▸ Data provided:

· · · ·

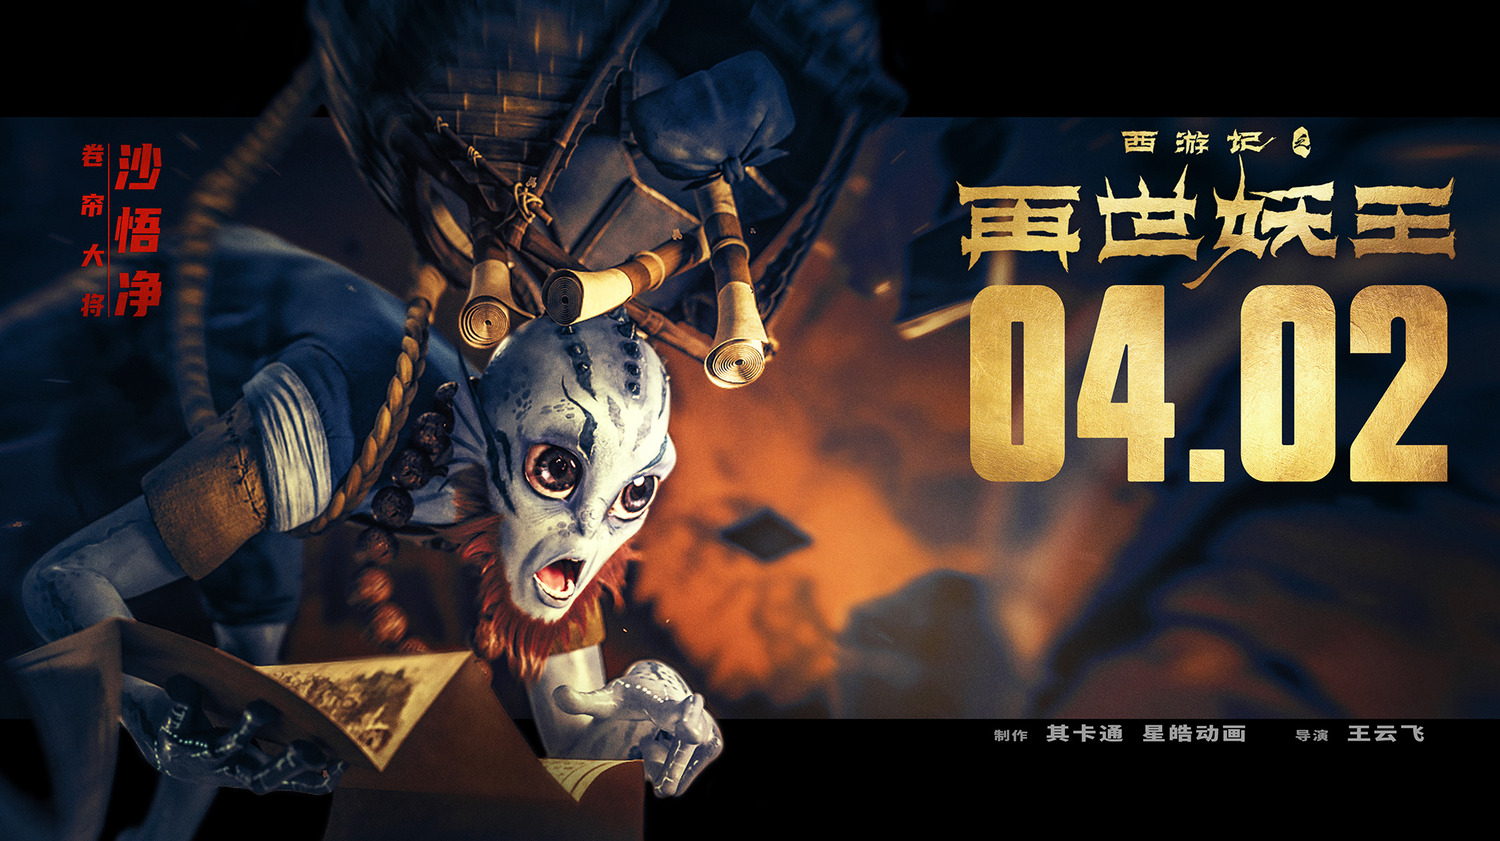 Extra Large Movie Poster Image for Xi You Ji Zhi Zai Shi Yao Wang (#13 of 21)
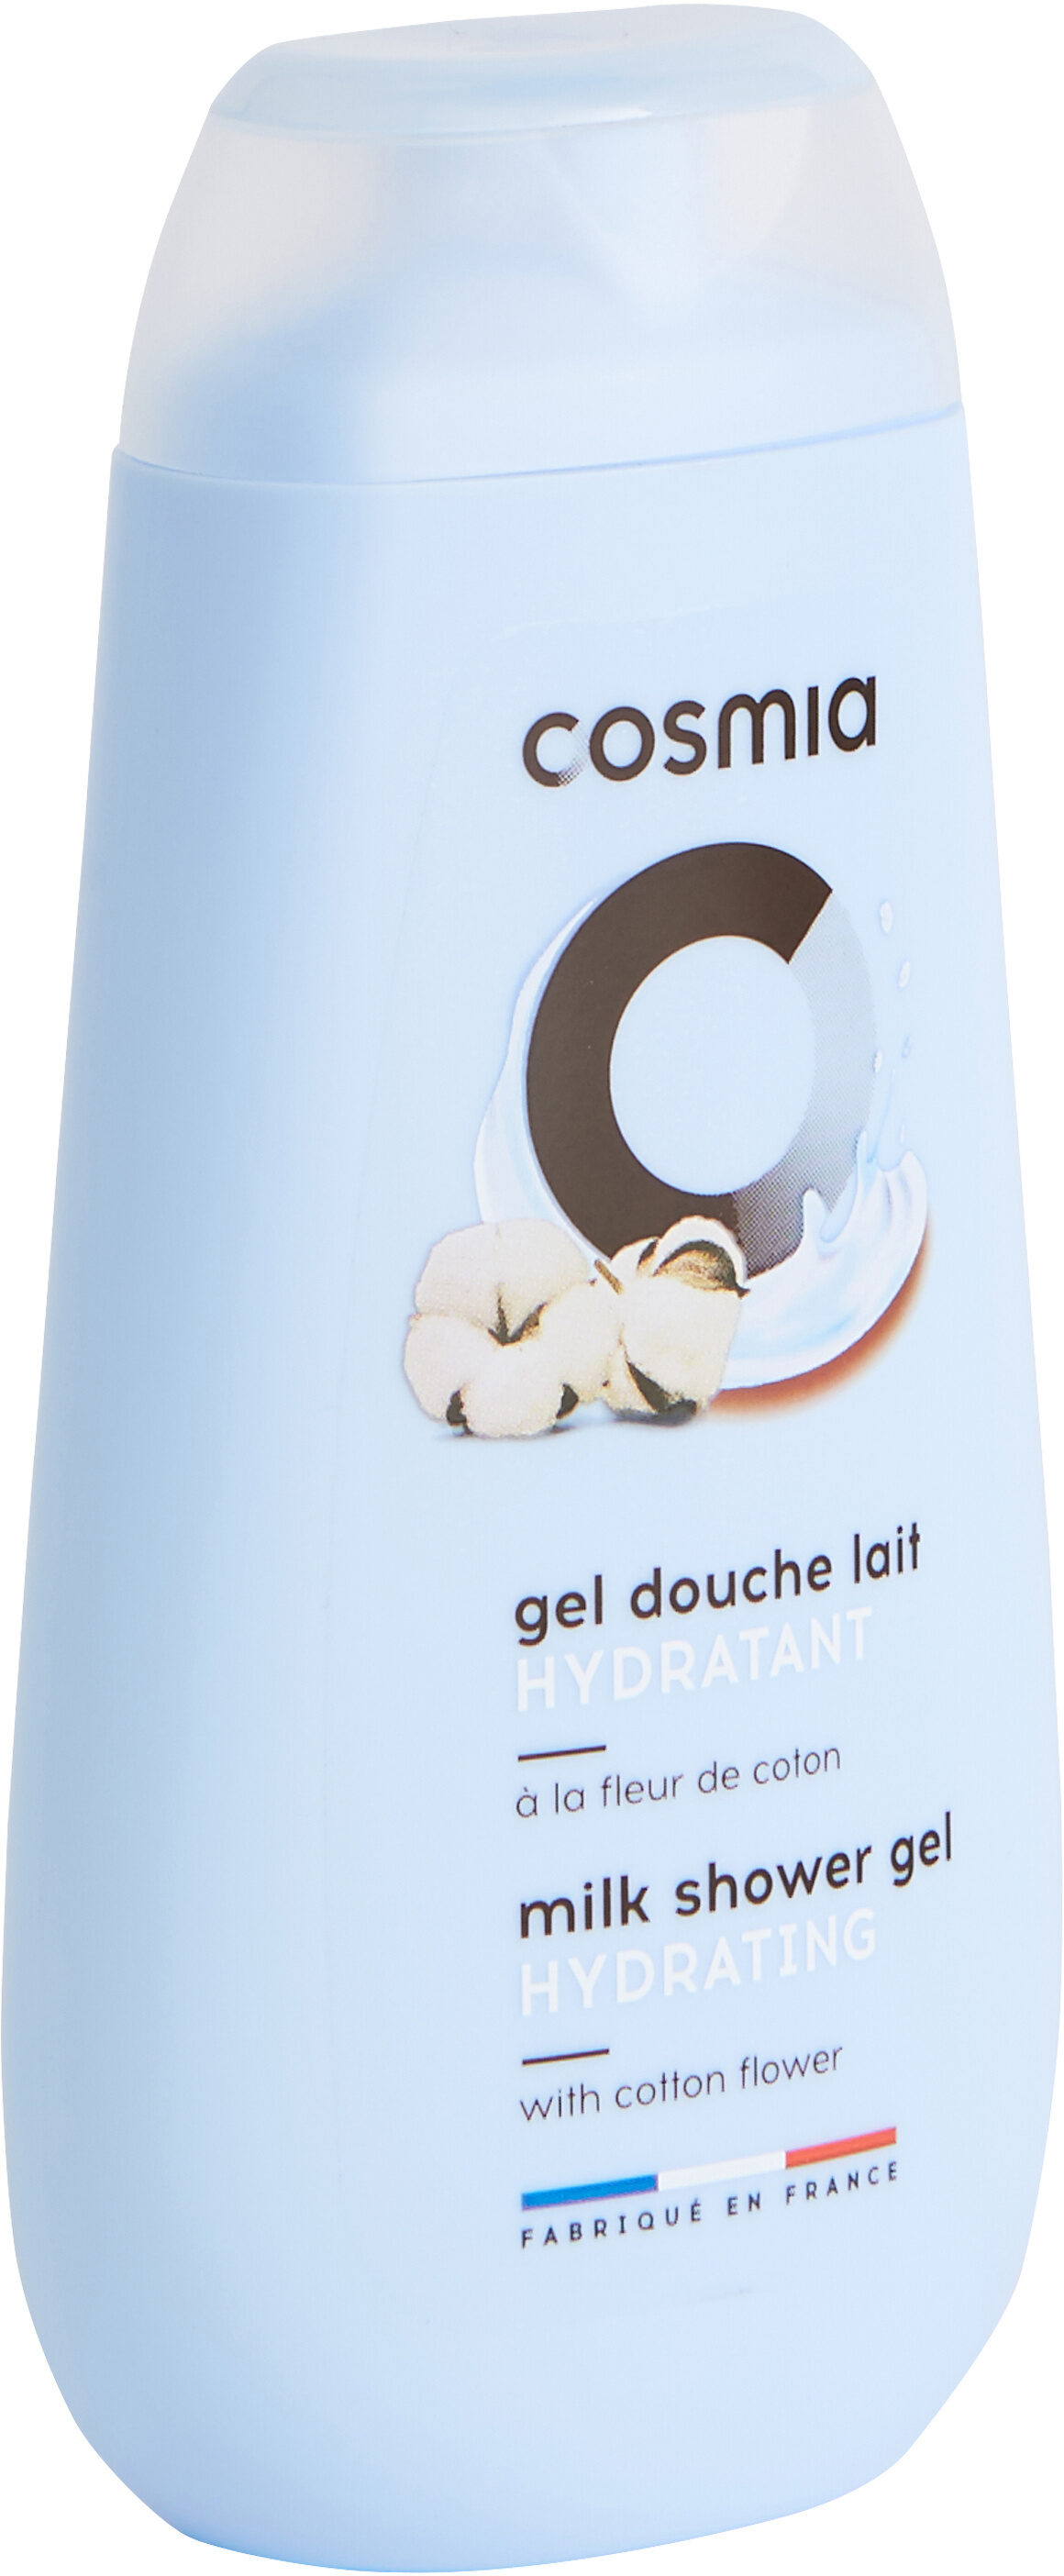 Cosmia gel douche lait hydratant a la fleur de coton - flacon avec capsule - Product - fr
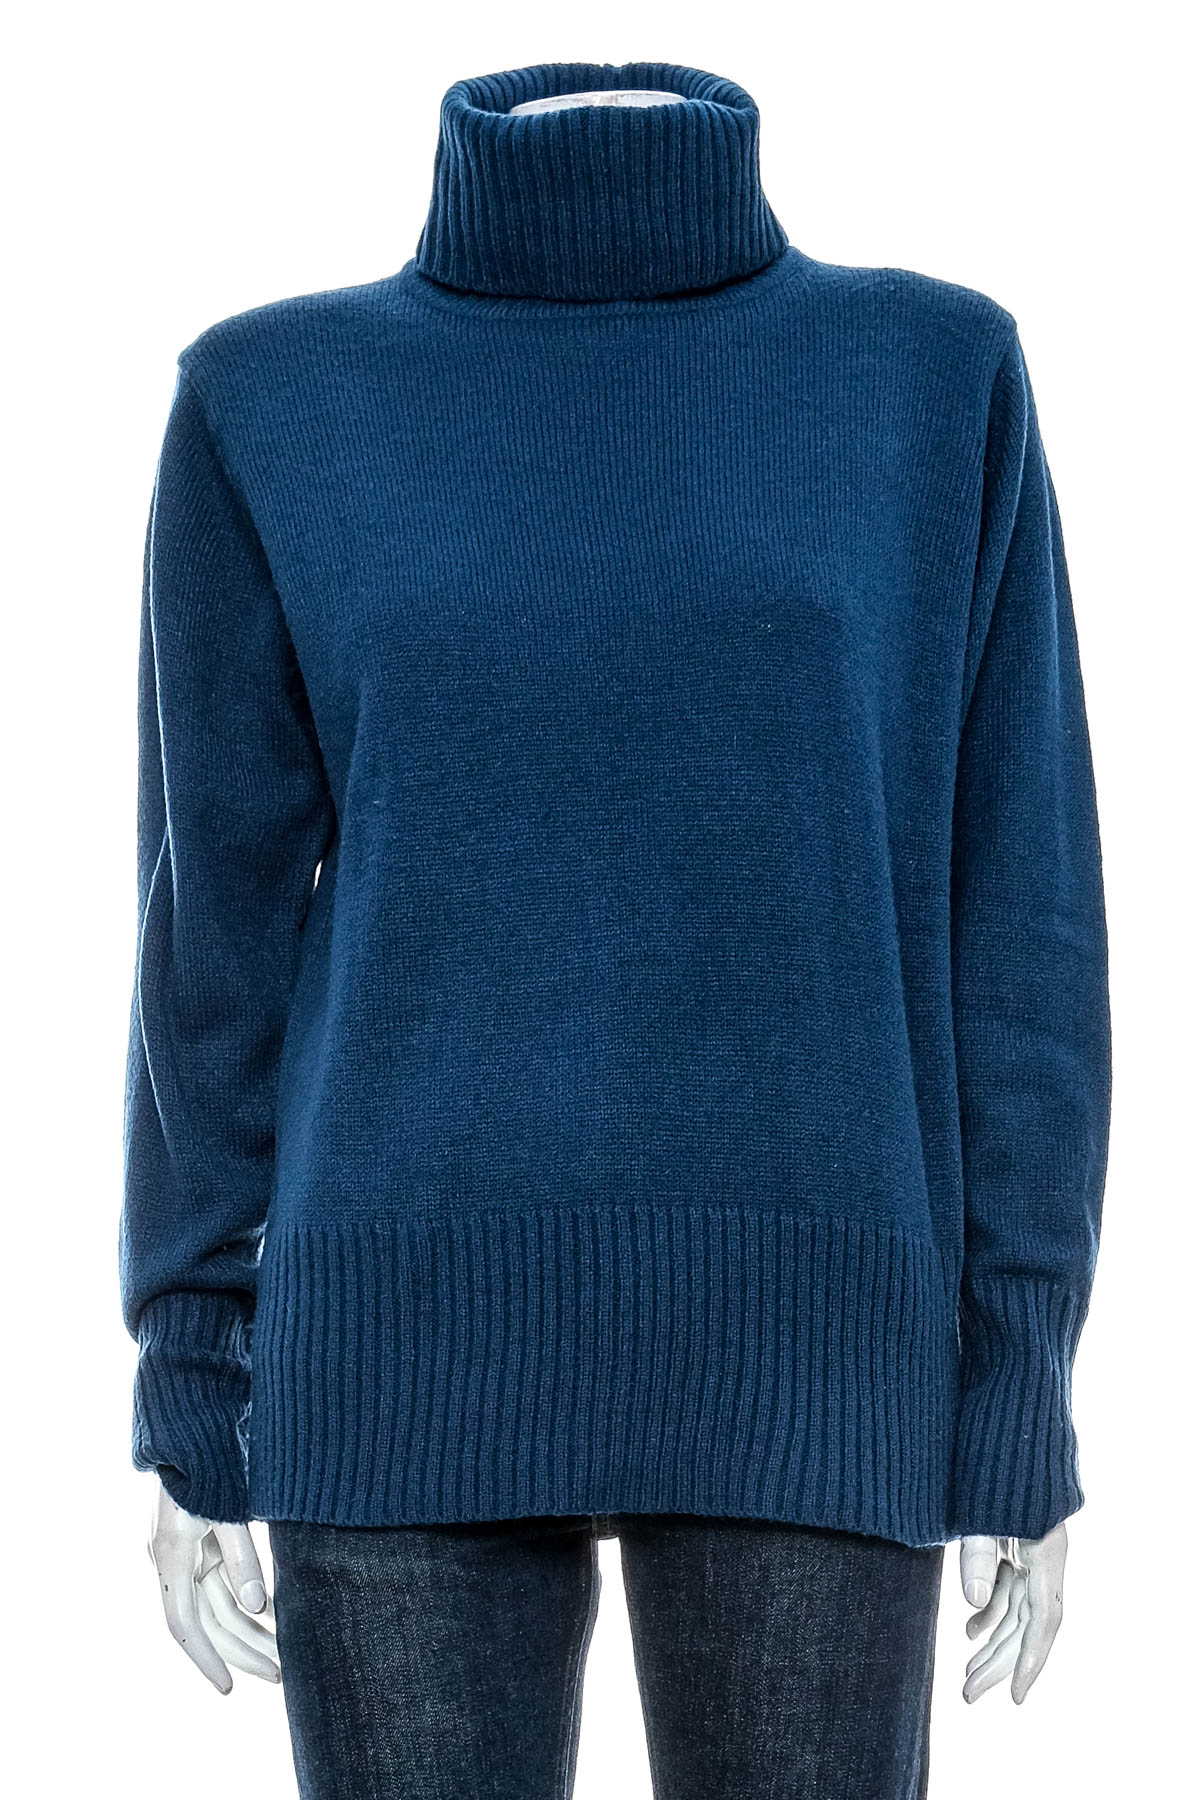 Women's sweater - Janina - 0

· · · ·

▸ Goal of the exercise:
Your answer must be an exact copy of the listing, with every picture omitted.

▸ Answer to the exercise:
 Extra Large Movie Poster Image for Xi You Ji Zhi Zai Shi Yao Wang (#13 of 21)
 Cosmia gel douche lait hydratant a la fleur de coton - flacon avec capsule - Product - fr
 Women's sweater - Janina - 0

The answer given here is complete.